Mary DOWLING, Plaintiff-Respondent, v. 257 ASSOCIATES, Defendant-Appellant.
Judgment, Supreme Court, New York County (Edward Lehner, J., and a jury), entered March 18, 1996, awarding plaintiff tenant damages against defendant landlord in an action for personal injuries, unanimously affirmed, without costs.

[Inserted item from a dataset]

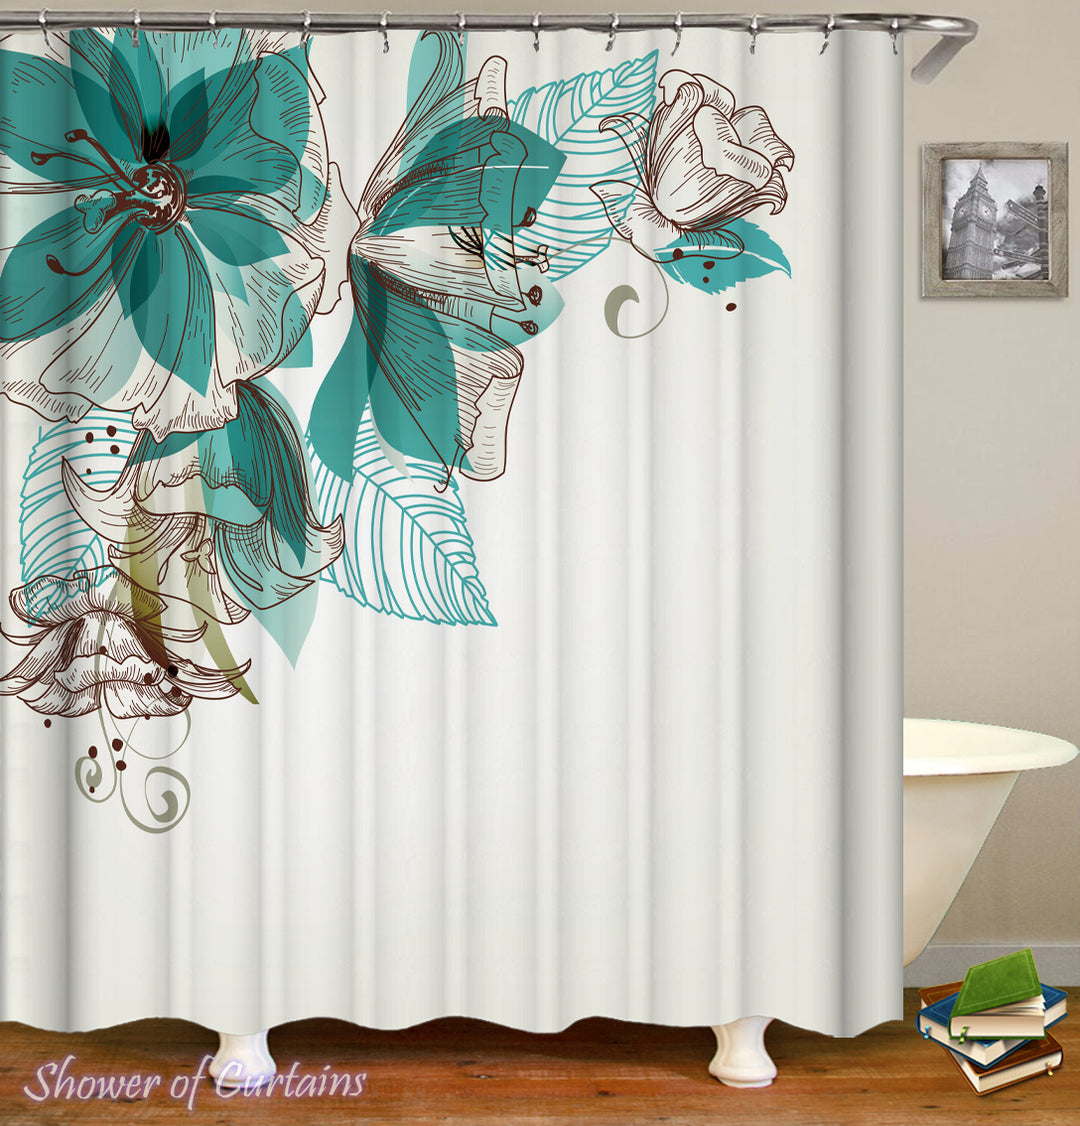 Shower curtain of Turquoise Flowers 
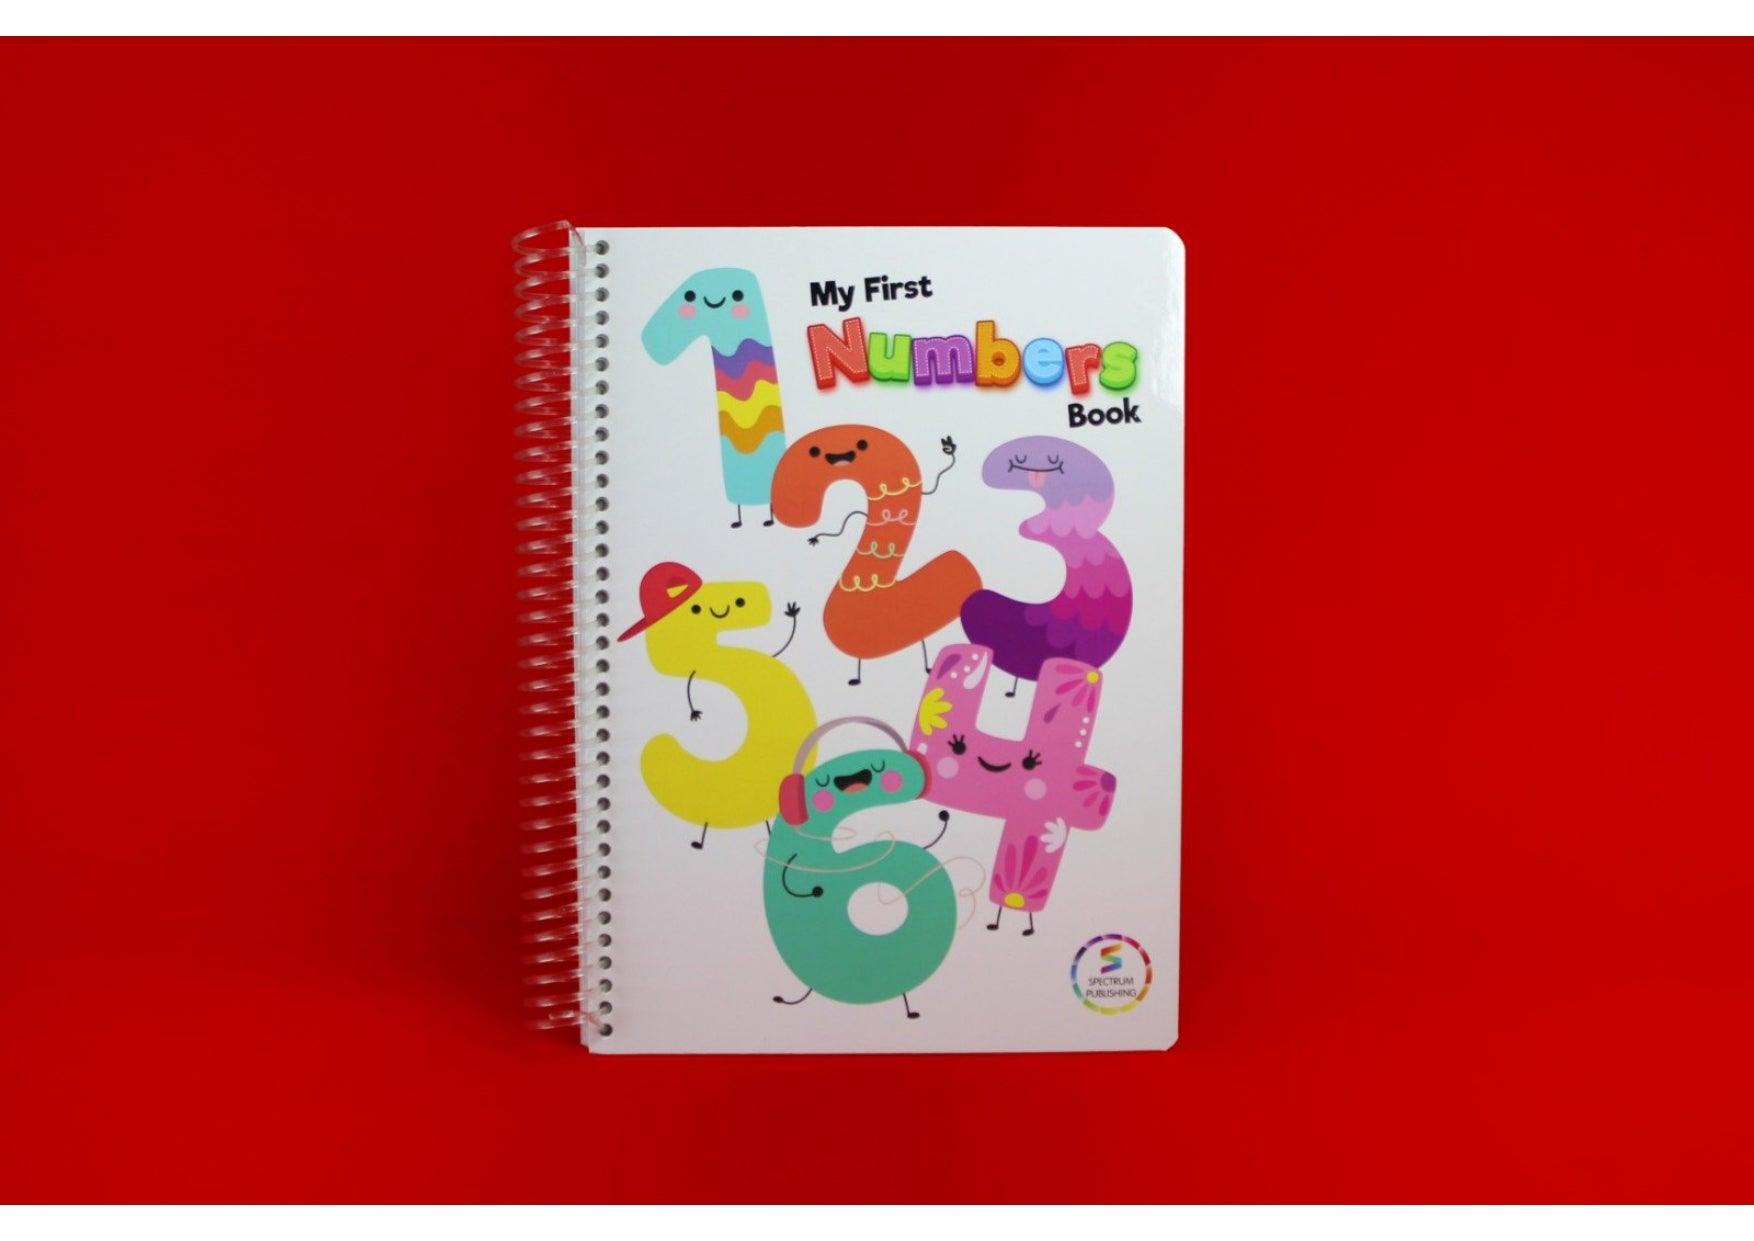 My first Numbers book - Ourkids - Spectrum Publishing

Defendant's nondelegable duty under Multiple Dwelling Law § 78 to maintain the premises in good repair renders it vicariously liable for any negligence on the part of the independent contractor in repairing the window that fell on plaintiff (see, Rosenberg v. Equitable Life Assur. Socy., 79 N.Y.2d 663, 668, 584 N.Y.S.2d 765, 595 N.E.2d 840; Mas v. Two Bridges Assocs., 75 N.Y.2d 680, 687, 555 N.Y.S.2d 669, 554 N.E.2d 1257). On the issue of negligence, the court properly charged res ipsa loquitur in view of the evidence that the contractor hired by defendant had finished working on the window only moments before plaintiff tried to close it, and the absence of circumstances pointing to a cause other than the contractor's negligent performance. Defendant's other points are also without merit. A missing witness charge with respect to plaintiff's original treating physician was properly refused since his testimony would have been cumulative to that of the testifying treating physicians (see, Dukes v. Rotem, 191 A.D.2d 35, 38-39, 599 N.Y.S.2d 915, appeal dismissed 82 N.Y.2d 886, 609 N.Y.S.2d 563, 631 N.E.2d 569). The trial court's admission of X-rays for which plaintiff had not provided defendant with authorizations was a proper exercise of discretion (see, 22 NYCRR 202.17[h] ), where defendant received a doctor's report that explicitly identified those X-rays in the course of interpreting them, plaintiff gave her doctor authorization to make her entire file, including the X-rays, available to defendant, and defendant never requested either an authorization from plaintiff nor the X-rays from the doctor.